The point of retirement is to perform tasks like this in time, but when fancy deems best. It would be a waste not to get this done, but I’m reluctant to write it on my calendar. I’d rather wait for the right intersection of seasonable temperatures, personal energy and peak vegetable readiness. That time will reveal itself outside the unforgiving tyranny of a calendar.

Milkweed Pods Growing

Even the milkweed plants are doing well this year. I did little other than weed around them and cut away the vines wanting to grow up the stem. Several plants are forming seed pods. I’ll learn a little bit about them and harvest the seeds to grow more in a different spot. Someday I hope to see a butterfly caterpillar on one of them.

It looks like as I’m writing the presser in Helsinki, Finland with Vladimir Putin and Donald Trump is about to begin. A reporter claiming to be from The Nation has been forcibly removed. Neither leader is a fan of a free press, although both use it to their advantage when they can. We also know about the many journalists who “disappeared” under Putin. I’d rather look at butterflies than think about U.S. – Russian relations. It’s hard to avoid, just like it’s hard to stop thinking about my next work shift.

If we’re to change habits, we have to work at it. That may be why I continue to write these posts, work at the orchard, and at the home, farm and auto supply store… for now. My life would be worse without it.

Categories
Writing

New Potatoes and Cucumbers

Morning Harvest

The ambient outdoor temperature is 89 degrees and the heat index is 100. Another midday spent inside.

I feel caged.

Near sunup I harvested cucumbers and watered. I tasted a red tomato — they are not ready.

Won’t be long.

In the kitchen I emptied the crock of fermented dill pickles and started another batch. I washed and sorted cucumbers on the counter: first the dills, then sweet pickles, then some for eating, then a pile of too plump ones for juicing. There are so many cucumbers I could be selective. Soon I’ll run out of things to do with them… not yet.

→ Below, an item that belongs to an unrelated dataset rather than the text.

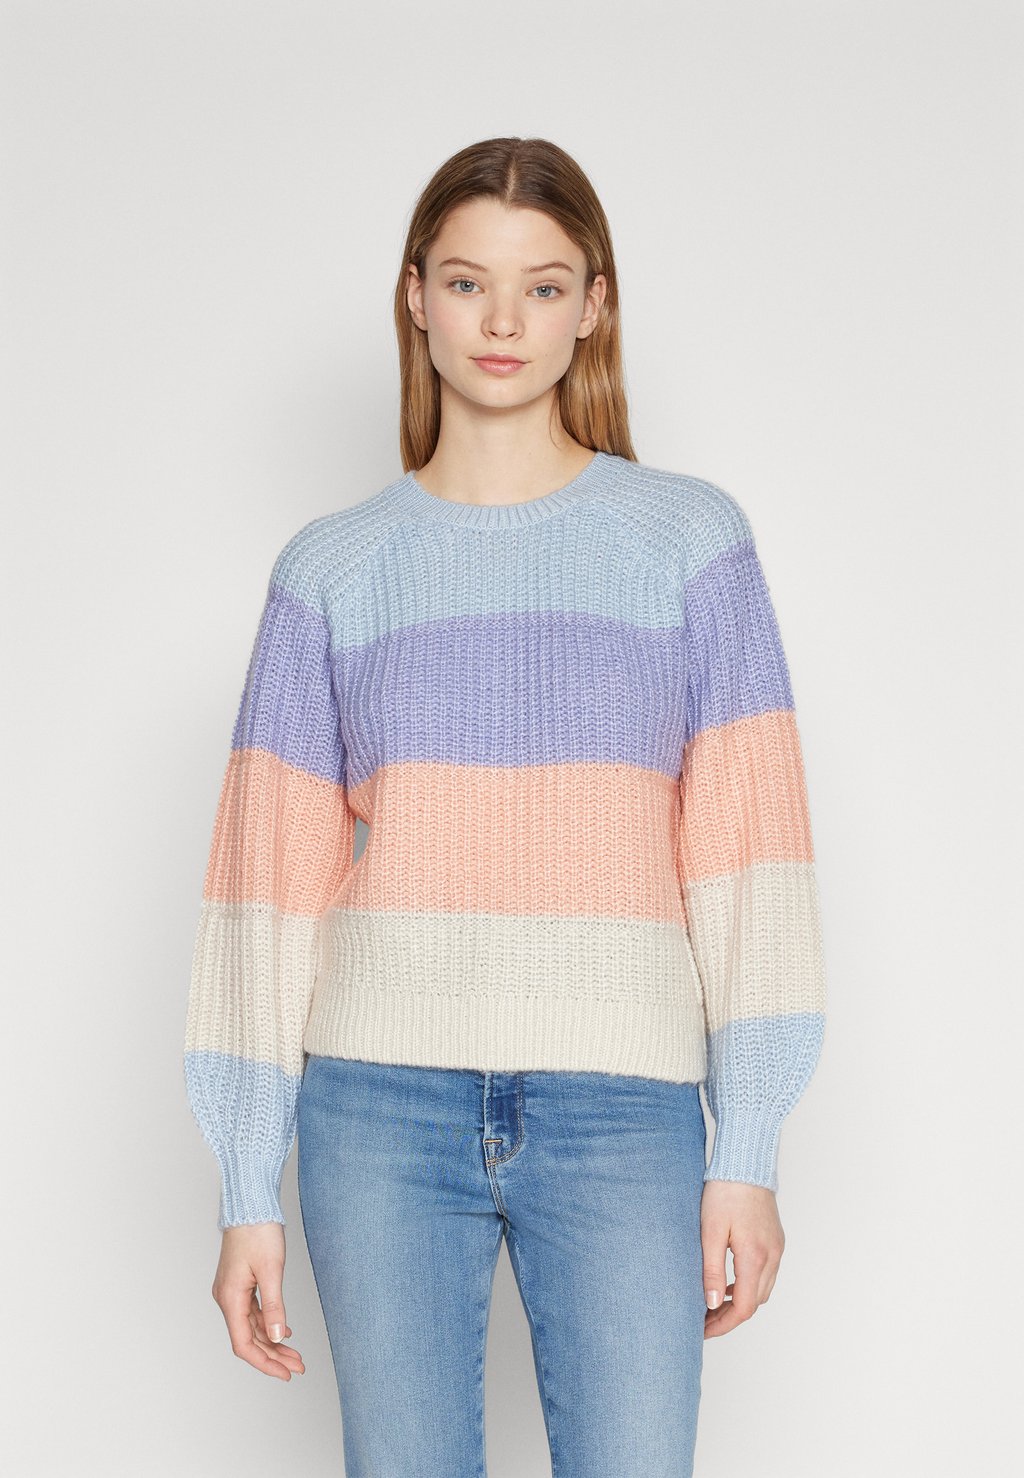 Вязаный свитер VILAILA O-NECK RAGLAN TOP, цвет kentucky blue detail/sweet lavender/coral/white sand

I felt restless. I feel restless.

Cucumbers

I cleaned under the kitchen sink and returned the soaps, cleaning supplies and waste basket to their appointed places. I’m glad that work is done. I’ve been putting it off.

Using fruit thawed from the freezer, I made a smoothie for lunch with cow’s milk, kale, a banana and the fruit. It was satisfying…  and very blue.

There is only so much kitchen time a person can take before moving on.

Someone spotted water coming up through the ground near a main water line junction. I emailed our crew of well volunteers and we met near the leak. We saw water seeping up but couldn’t diagnose the problem. I told them I’d call our well service to come out and fix the leak. It was a productive exchange as I hadn’t seen some of them for a while. It was a chance to do something outside home. It will be an ongoing project for the weekend.

I came back. It got hot and here I am.

Our president had tea with Queen Elizabeth II today. I wonder if they had scones like she did with Ike. In Washington, D.C. Robert Mueller’s investigation produced 12 indictments of Russian intelligence officers who had been hacking U.S. computers in the run up to the 2016 general election. The hacking was with nefarious purpose and intent. The press event was at the same time the president was having tea. It will give him something to discuss with Vladimir Putin next week in Helsinki.

In the hottest part of the day I feel an urge to go somewhere else. I felt the same way when I lived near the main train station, the Hauptbahnhof, in Mainz, Germany, especially on weekends away from the kaserne. I would drive to the big box stores over in Wiesbaden… or maybe walk to the small grocery store down the hill and buy fresh fruit and a liter of Coca Cola. I had to time it right because they closed for a couple of hours in the early afternoon. About the same time it is now. I feel connected to those days 40 years ago.

I just got the call the well technician is on his way. Guess I can meet that urge… for now.